14 pictures of SWAT around the globe at :

http://www.time.com/time/photogallery/0,29307,1731040_1564977,00.html


----------



## ENGINEERS WIFE (19 Apr 2008)

Pic #9  Where the Korean karate chopping the tops off the beer bottles for an anti-terrorism  drill. Is that so the "terrorists" might cut their lips while drinking beer? lol  Must come in handy at parties though!!!


----------



## Rodahn (29 Apr 2008)

Why do all the Chinese SWAT appear to be lying with in the bullseye of a target on photo # 8???


----------



## DarkFireTaker (2 Nov 2008)

Cool photos. It lacks pictures of American and most importantly, Canadian SWAT teams..


----------



## MikeL (2 Nov 2008)

DarkFireTaker said:
			
		

> Cool photos. It lacks pictures of American and most importantly, Canadian SWAT teams..

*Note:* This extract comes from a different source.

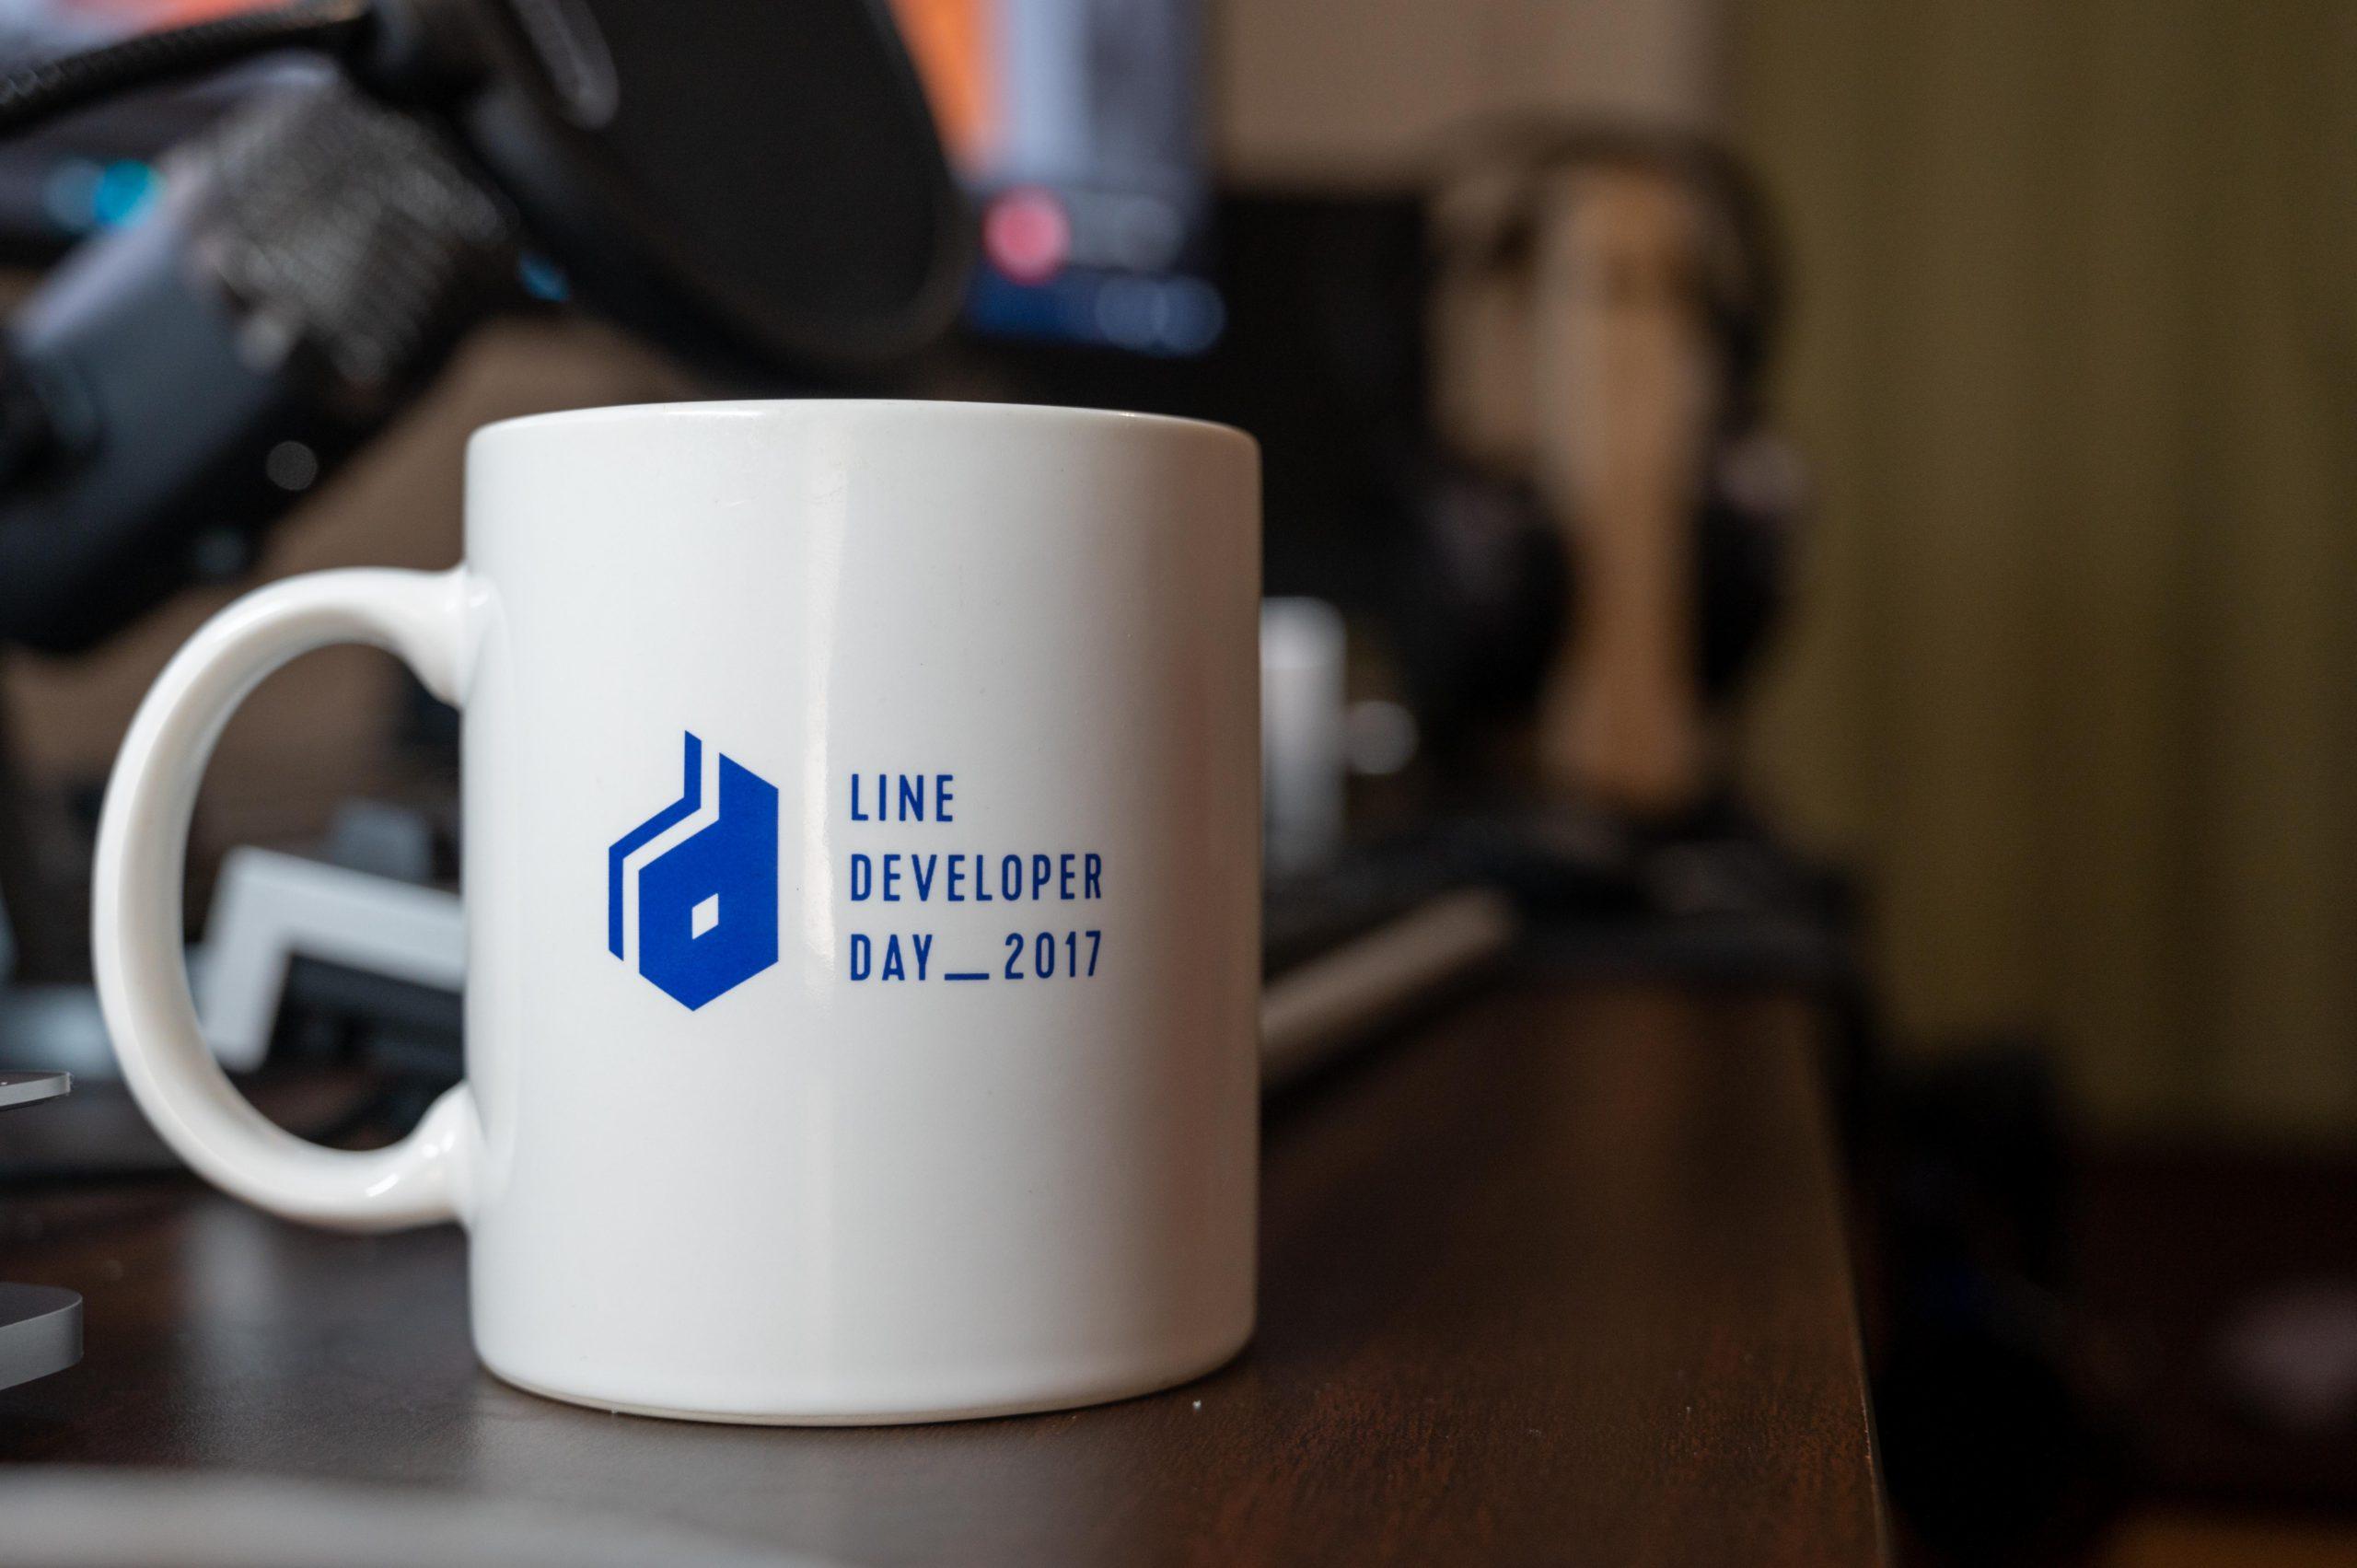 LINE Dev Day Mug

Lacks pics of American SWAT?
http://www.time.com/time/photogallery/0,29307,1731040_1564997,00.html
http://www.time.com/time/photogallery/0,29307,1731040_1565000,00.html



I like the Swedish dude though who wrapped  his ears in duct tape instead of using earplugs.


----------



## Jungle (2 Nov 2008)

-Skeletor- said:
			
		

> I like the Swedish dude though who wrapped  his ears in duct tape instead of using earplugs.

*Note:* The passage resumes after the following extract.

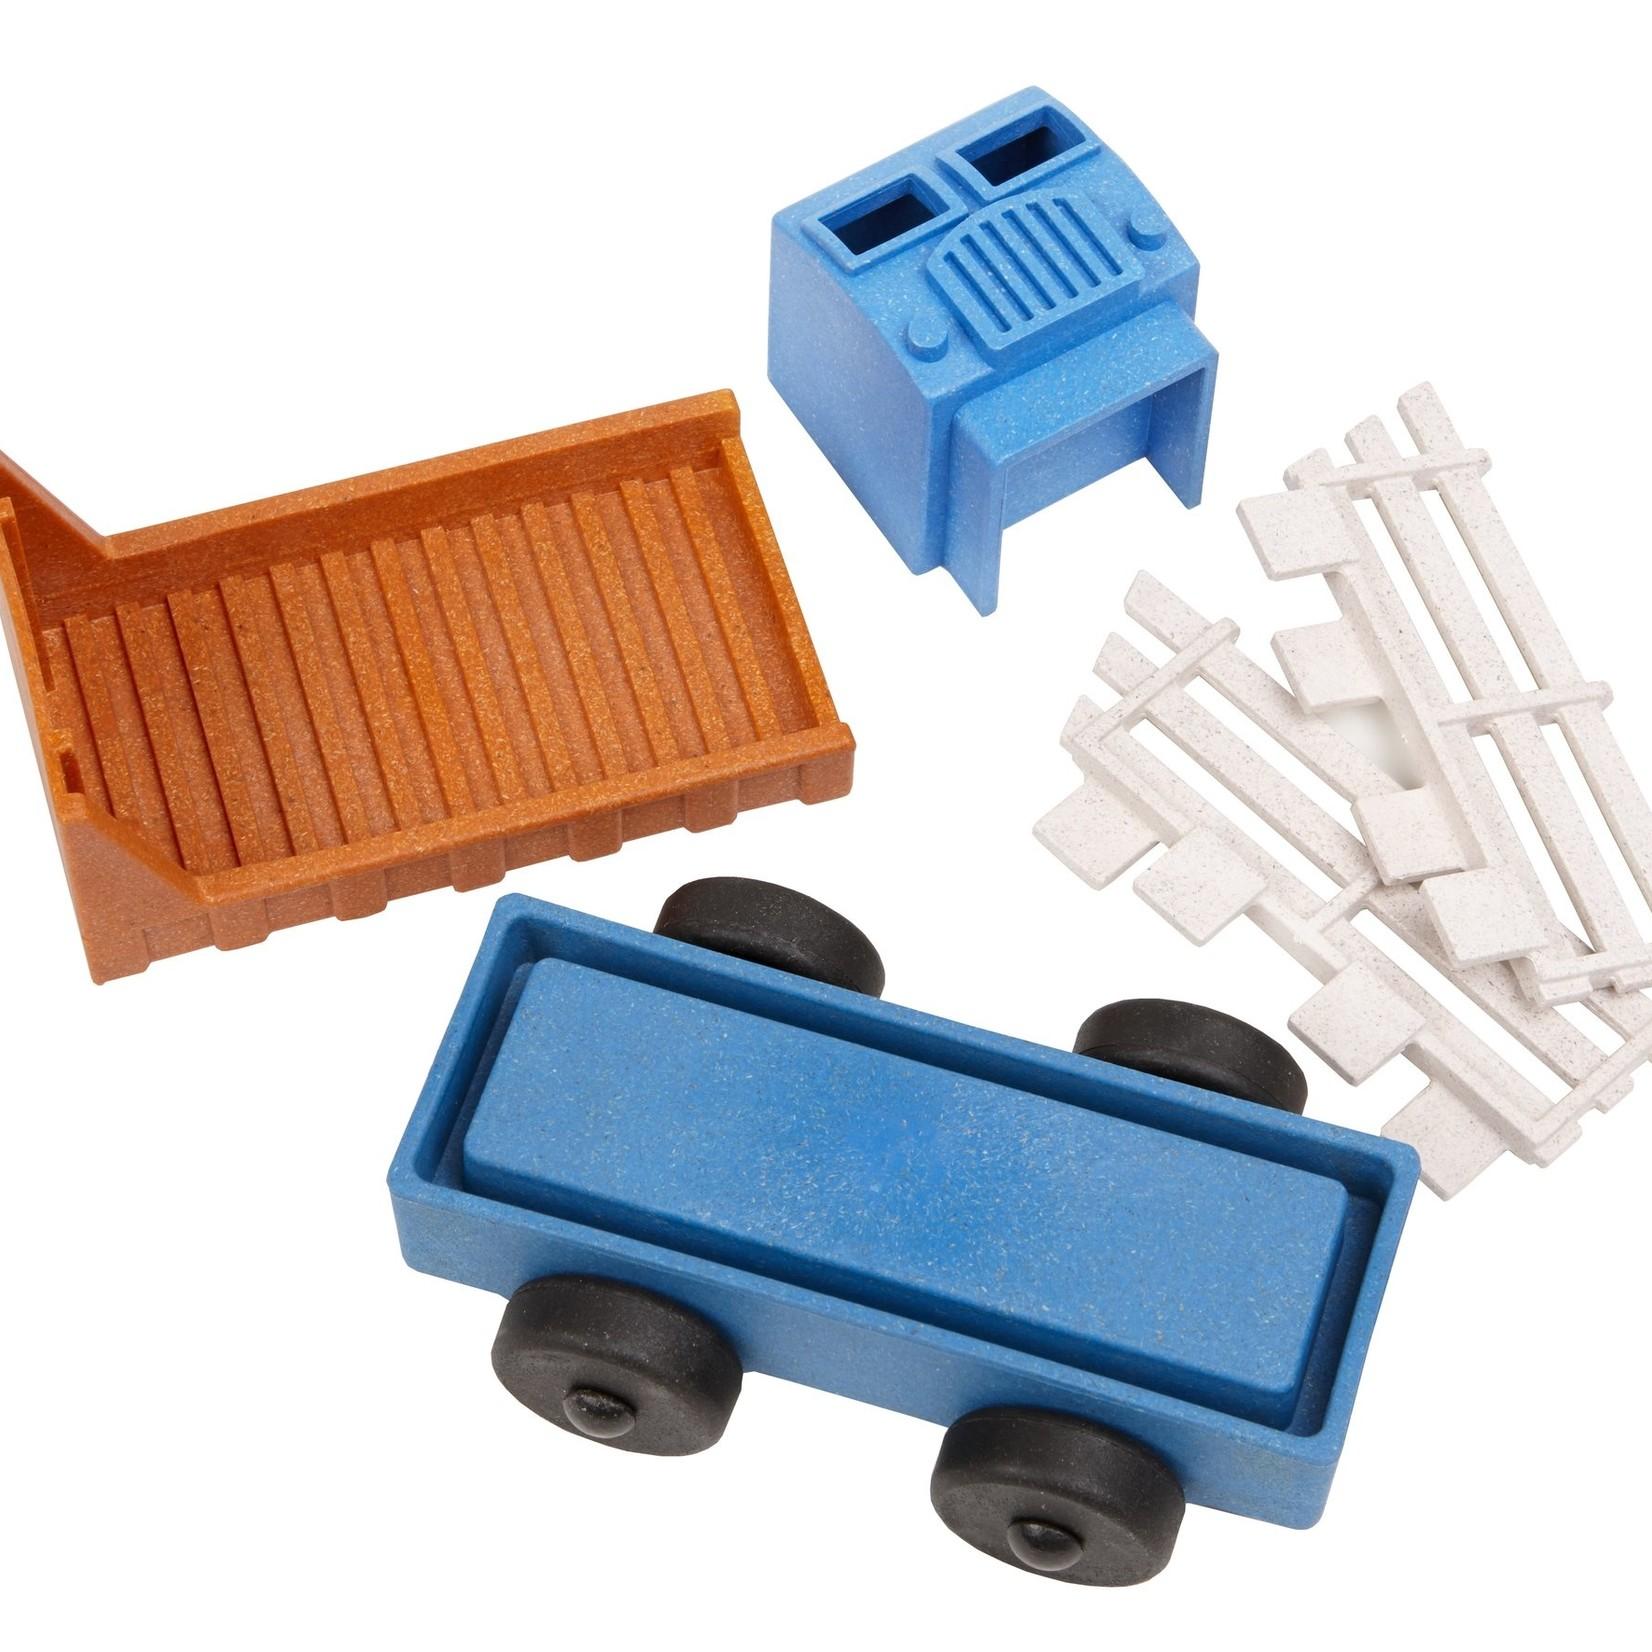 Luke's Toy Factory Stake Truck

http://www.time.com/time/photogallery/0,29307,1731040_1564981,00.html
Now that is the most stupid thing I have seen in a long time !!
I can only imagine the ribbing he got around all those type-A personalities !!  >


----------



## medaid (3 Nov 2008)

Rodahn said:
			
		

> Why do all the Chinese SWAT appear to be lying with in the bullseye of a target on photo # 8???



"Now boys! This is how we commit mass blue-on-blue casualties!"

"Um... I don't wanna be in the front!"


----------